The result was Safari, now Apple's browser on both macOS and iOS devices. Apple was no longer reliant on Microsoft for a key part of its product's success.
Yes, invented here
Over the ensuing decades, Apple has repeatedly made strategic decisions that give it complete control over the key aspects of its products. A minor example: Frustrated by the limitations of USB, Apple designed the Lightning connector to solve the same problems that the USB consortium ultimately solved with USB-C. Who designs their own connector standard? Apple, that's who.
But then, there's the big one: silicon. For years, Apple has bounced from chipmaker to chipmaker to supply the company's devices — which is perfectly normal, of course, because companies that make computers are not chipmakers. Early on in Jobs' second tenure at Apple, he got burned by IBM, which made promises about the future of the PowerPC processor that Big Blue couldn't deliver. As a result, Apple moved the Mac to Intel processors.
This all led to perhaps Apple's biggest strategic move of this century, the company's purchase of chip designer P.A. Semi in 2008. Beginning with that acquisition, Apple has grown its chipmaking capabilities. Eleven years later, Apple makes some of the best mobile processors in the world, giving iOS devices an advantage over the smartphone competition. Apple-designed processors make the Apple Watch possible. They power the Apple TV, AirPods, and security and system control on modern Macs. On recent iPhones and iPads, Apple has taken over control of graphics processing as well.
Eleven years ago, it would've seemed like madness to assert that Apple could switch Macs over from Intel processors to ones designed by Apple itself, but here we are. These days, it seems like it's only a matter of time until Apple-designed chips are inside the Mac, and the iPad Pro already beats the speed of most of the laptops out there.
Which brings us to Intel's modem business.
Own the modem
Even before Apple's breakup with Intel over modems, all the rumors pointed to Apple gearing up to build its own modem chips. As the maker of iPhones and iPads, Apple knows that cellular modems are a vital part of its products — and the modem is one part that Apple currently doesn't control. Intel's delays in building a 5G modem and Apple's patent disputes with Qualcomm only underscored the lesson Jobs learned long ago in being disappointed by IBM and Microsoft: Don't rely on others for the most important stuff.
All of a sudden, Apple faced the possibility that it would be years behind its competition in 5G networking.

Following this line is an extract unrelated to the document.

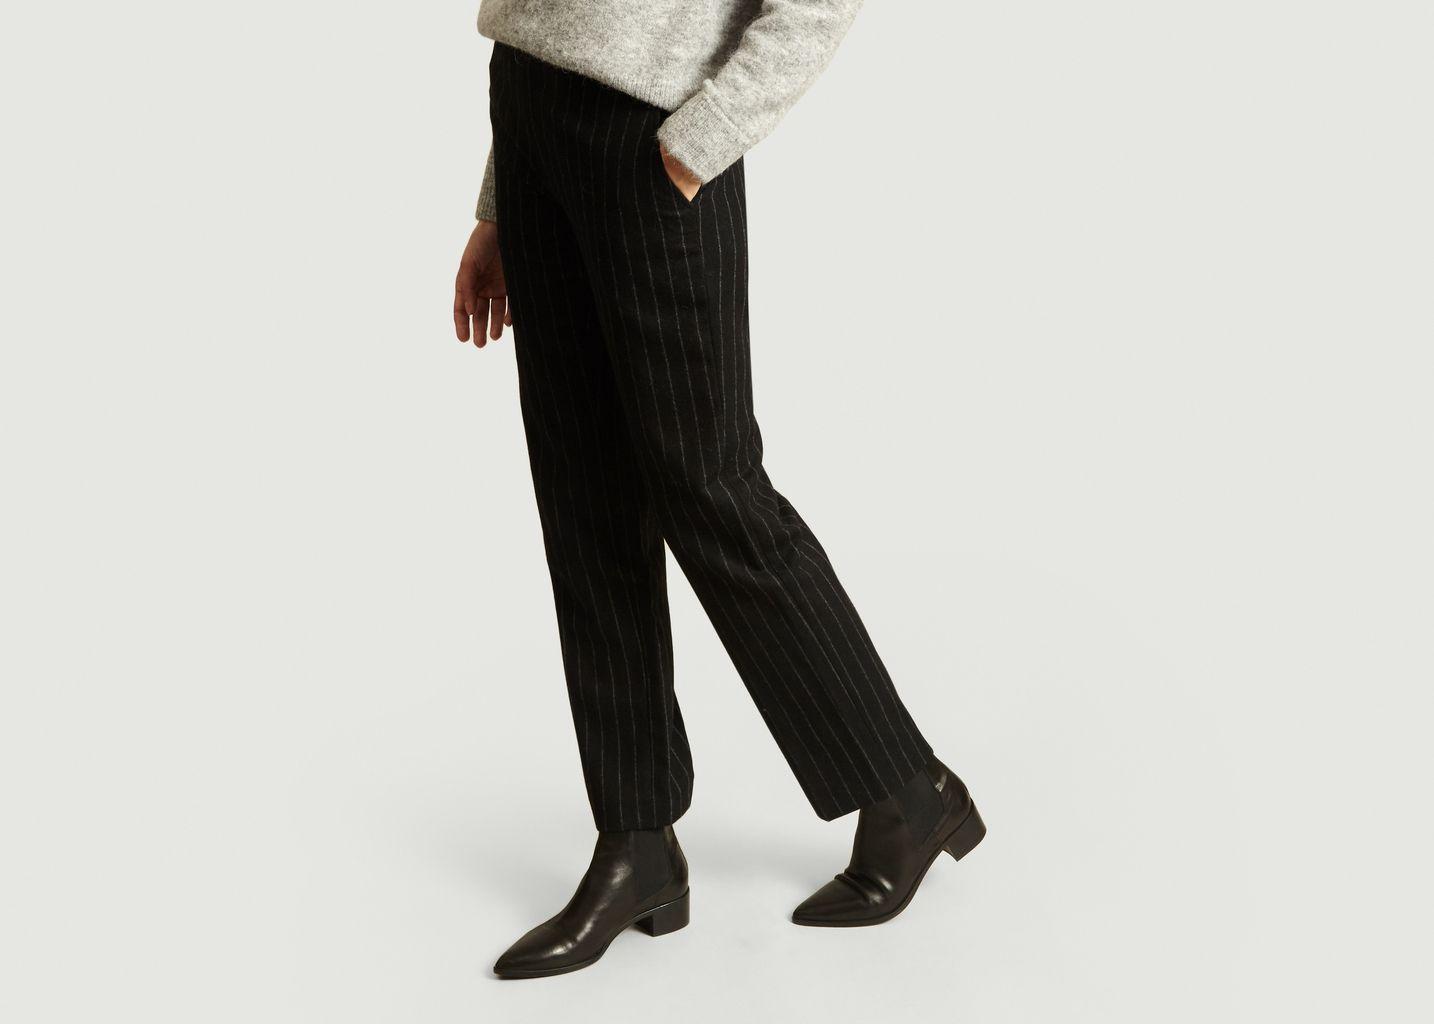 Pantalon Droit - Laquintane

That might be OK for a year or two, but in the long run, it was going to hurt Apple's core business. Of course Apple was going to start gearing up its own modem-design business. This is what Apple does when it's cornered.
The newly announced transaction with Intel is just the other shoe dropping. Intel's new CEO clearly decided that the company didn't want to be in this business, which meant a whole lot of modem engineers would be out of jobs and a lot of intellectual property would be sitting fallow. Meanwhile, Apple's setting up shop in San Diego near Qualcomm's headquarters, getting ready to build chips — and probably seeking some patent protection of its own to use in future licensing negotiations with Qualcomm.
Buying Intel's business lets Apple speed up its own efforts to control its own destiny in cellular technology. (I wouldn't be surprised to see that technology manifest not just in iPhones, iPads and Apple Watches, but also in Macs, AirPods and a whole new generation of wearable technology that's yet to be born.)
Jobs taught the lesson, and Tim Cook was listening well. If you need something done right, do it yourself.